That has an ugly reverberation to it. It’s one thing for Dole to say their policies stink, but he obviously wanted to go beyond that. He sounds like someone who has something stuck in his craw, and it sounds like it goes beyond a bunch of White House operatives. It sounds to me like he wants to trash an entire generation.

All too often, Dole comes across as the stereotype of the old man sitting on the porch, saying, “Back in my day . . . “

When I’m 73, I’ll probably do the same thing. In fact, I do it now when watching whippersnappers in their 20s and early 30s going about their business. But I’m not presidential timber, so I can get away with sweeping irrelevancies about the generation coming up behind me, realizing in my saner moments that I’m merely parroting what every generation has said about the one following it.

I’d like to think a president would know better than that.

Dole is either very mean or very foolish.

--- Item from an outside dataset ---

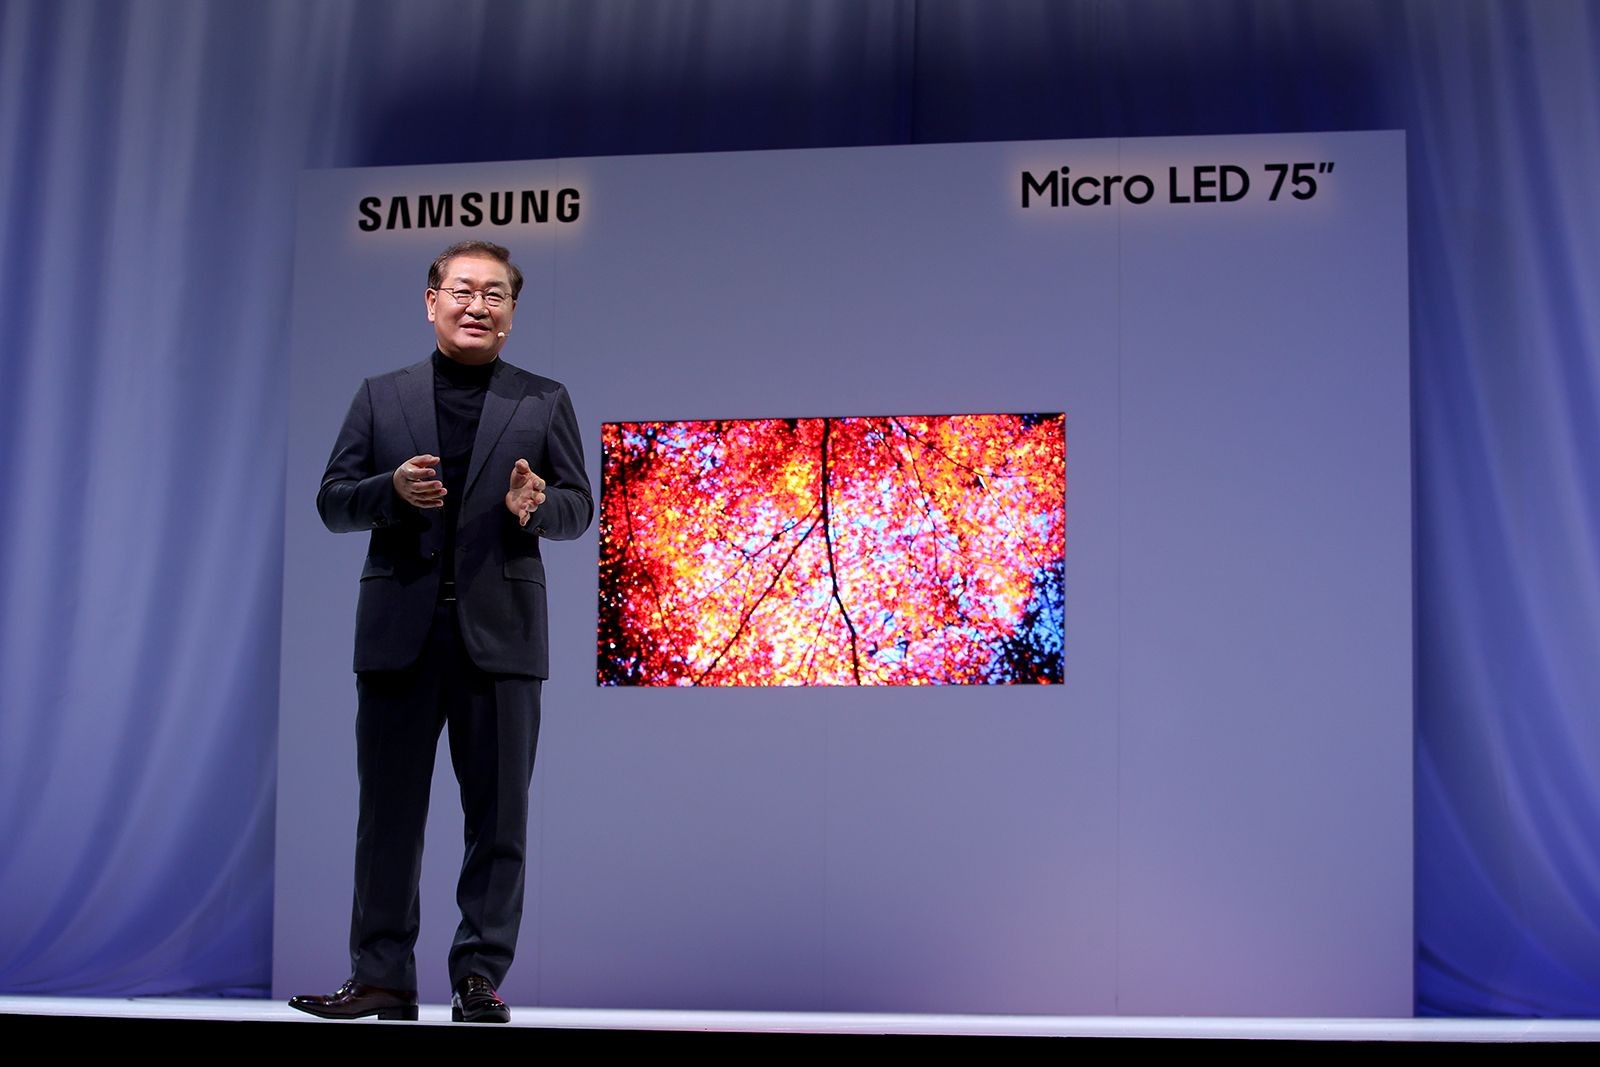 Samsung micro led 75" prezentacja

I’ll give him the benefit of the doubt and assume he doesn’t mean that, to toughen us up, we all should have fought in a war or survived a depression. He couldn’t mean that, could he?

I’ll assume he’s referring to life’s other sacrifices and sufferings. If so, that makes me think he’s merely foolish. If he thinks people in their 30s and 40s haven’t sacrificed and suffered in various ways, he’s been locked in the Senate too long.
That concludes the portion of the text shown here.